Metaphors and Mysteries
In the first chapter of Joseph Campbell's Thou Art That, "Metaphor and Religious Mystery," the late mythology scholar asserts that metaphoric symbols convey not just some idea of the infinite "but a realization of the infinite." Since the symbols can mean different things to various cultures and to those living in different eras, Campbell says it often is the job of the artist to "cast the new images of mythology." I think this resonates with the truth that many people experience a sense of euphoric rapture and epiphany more powerfully through going to a play, a concert, an opera, a film, reading a great book, etc., as compared with sitting in the pews.
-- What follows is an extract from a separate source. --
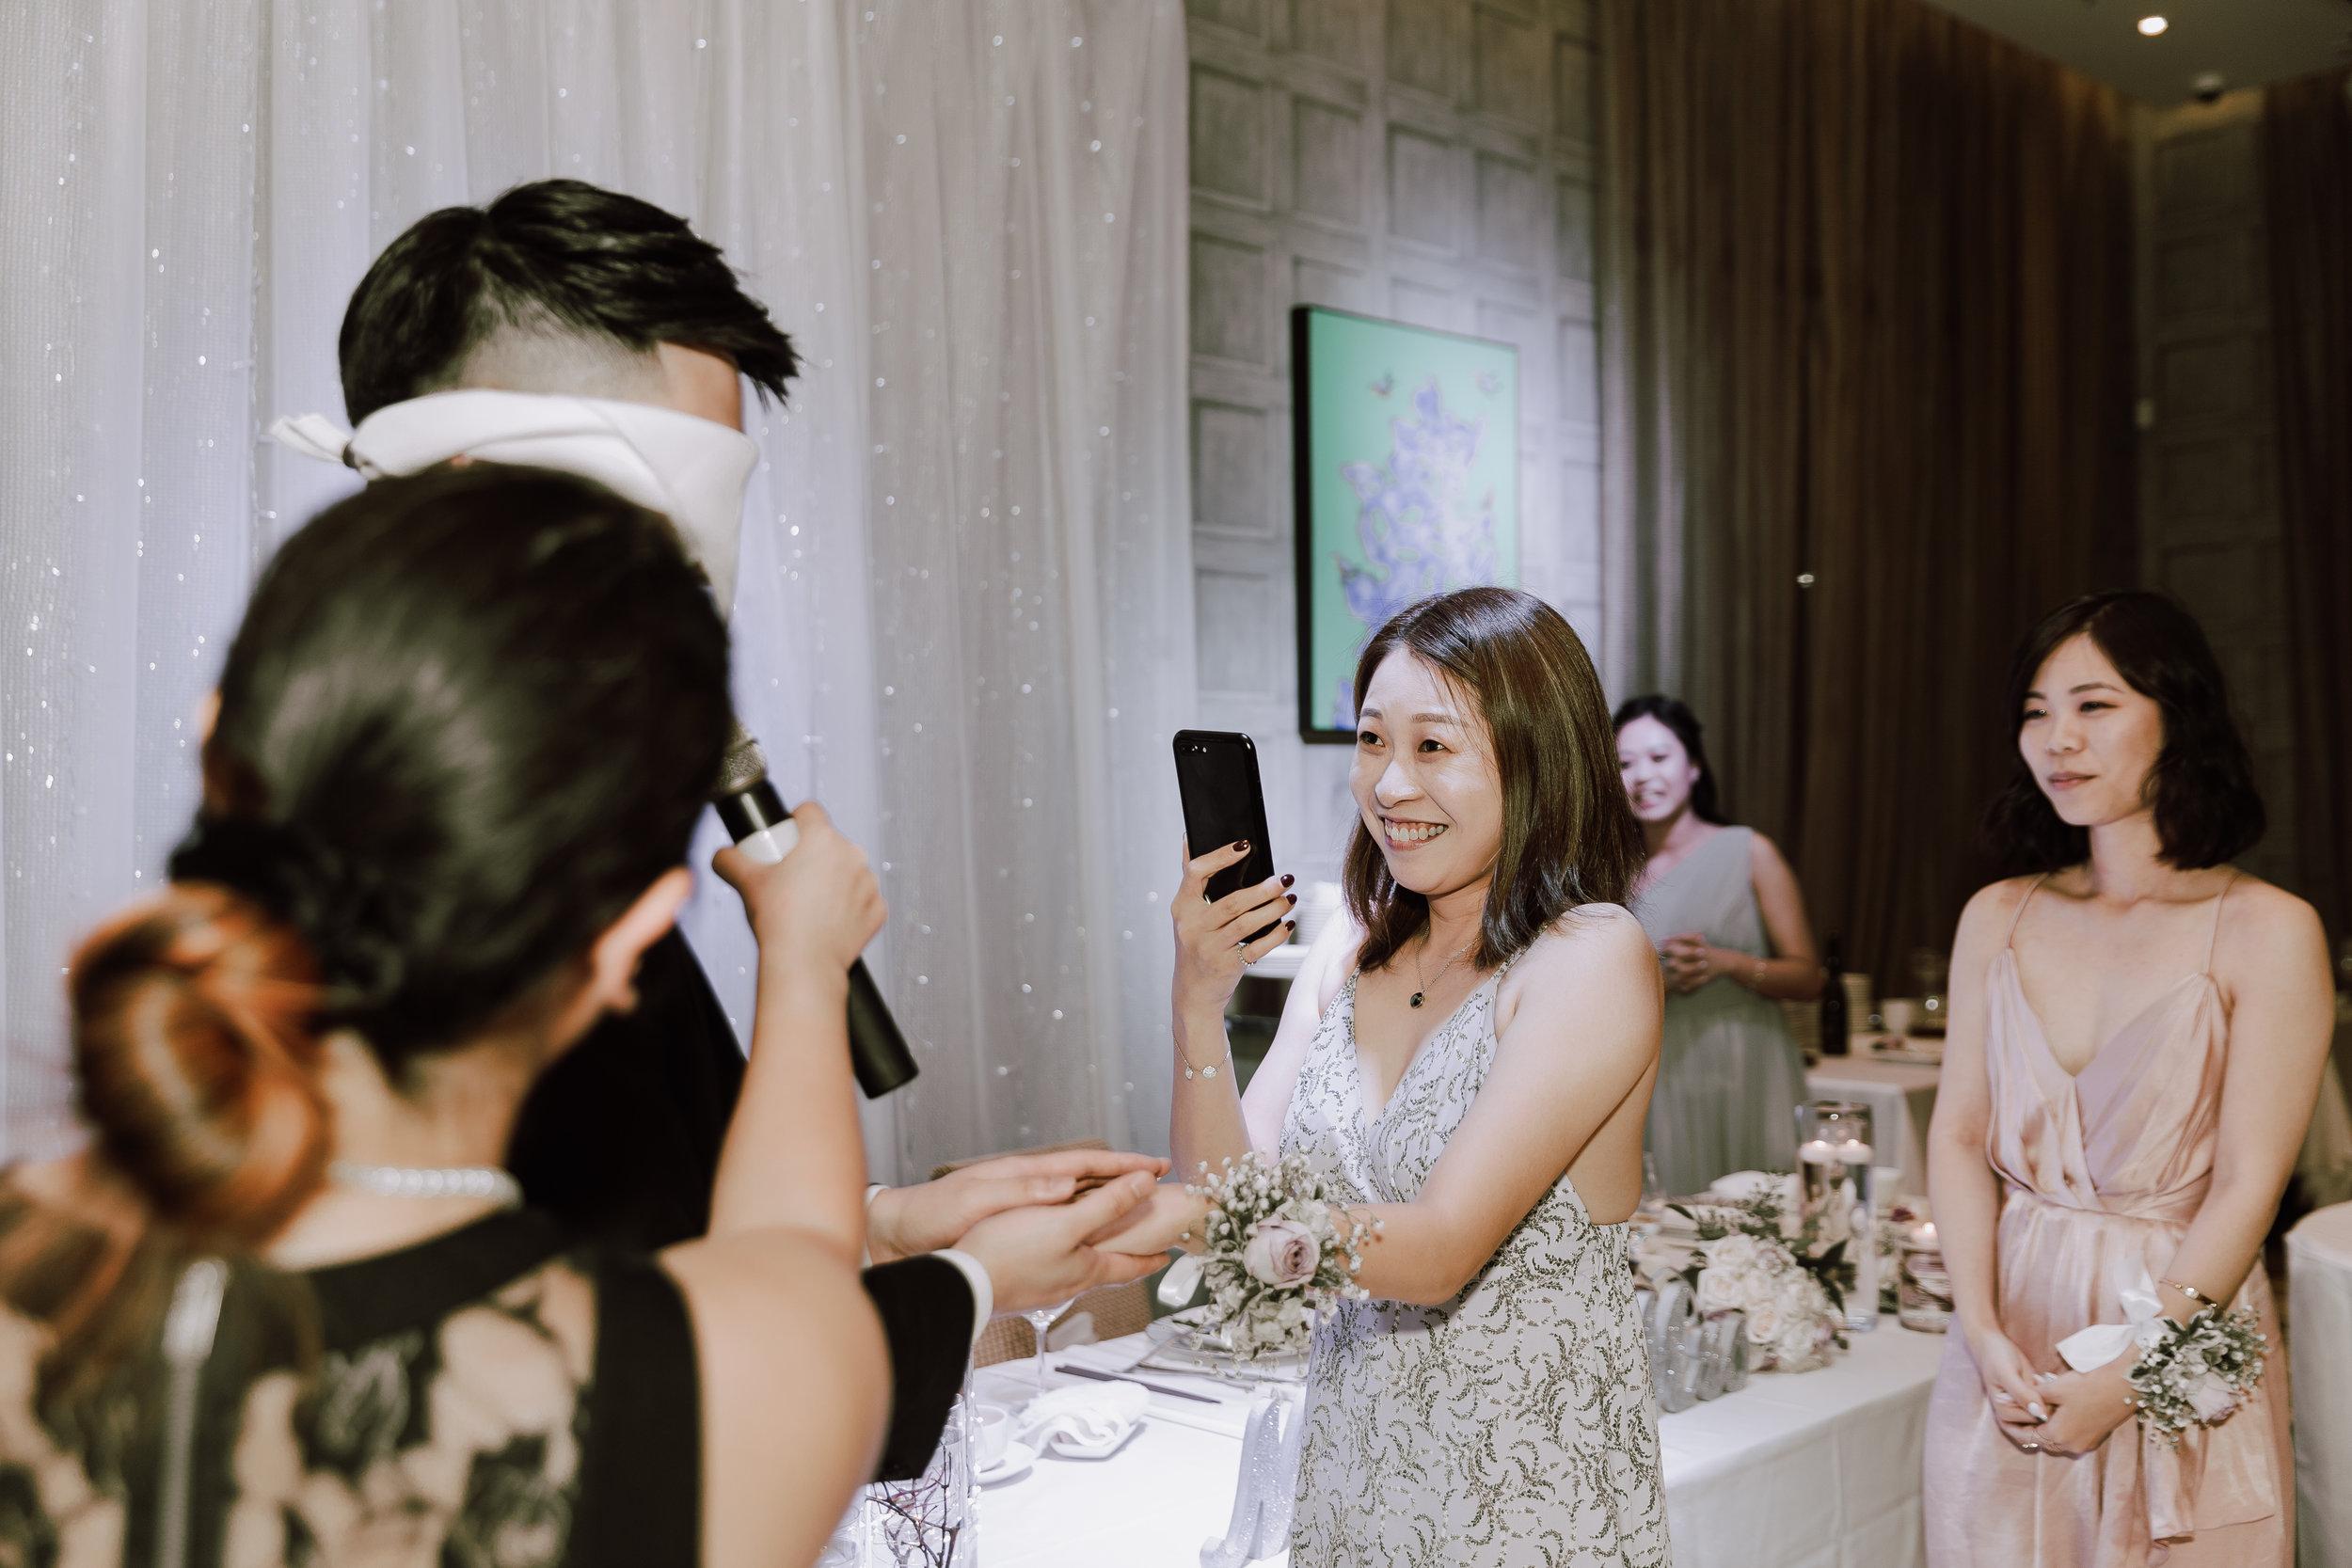 Wedding 090818-261.jpg

Furthermore, as the metaphors become misread and made too historical or specific, an "ethnic" inflection of the symbols dilutes their "living spiritual core." Western Christianity is so guilty of this. Campbell writes, "Invevitably, therefore, the popular understanding is focused on the rituals and legends of the local system, and the sense of the symbols is reduced to the concrete goals of a particular political concrete system of socialization."
This continuing confusion about the function and nature of metaphor, Campbell continues, "is one of the major obstacles--often placed in our path by organized religions that focus shortsightedly on concrete times and places--to our capacity to experience mystery." He concludes the chapter with the riveting statement, "Here we sense the function of metaphor that allows us to make a journey we could otherwise make, past all categories of definition."
I'm excited about the prospect of reading the Bible afresh with enhanced metaphorical eyesight, once I've more fully absorbed what Campbell is trying to say in his book. I've been inundanted so long with systematic theology and well-intended efforts to break down the scriptures into rational, bite-sized nourishments of "this is how it is, period," that reading them had grown stale. Been there, done that. Take the mystery and awe and wonder out of our spirituality, and we can grow stale as well.
This past Sunday we visited a new church (since we are new to the Nashville area, all the churches are new to us!), and had a great experience. Wonderful hospitality, quality music, great children's resources. We'll be going back. But I found myself exegeting the sermon and the relevant scriptures in a new way, engaging it through that amplified metaphorical filter. I listened to the preacher, caught in the role I have occupied on numerous occasions myself, and wondered what he would say if I shared Thou Art That with him.
Who knows, before it is all over I probably will. When I get fresh insights toward something as significant as spirituality, I tend to share them!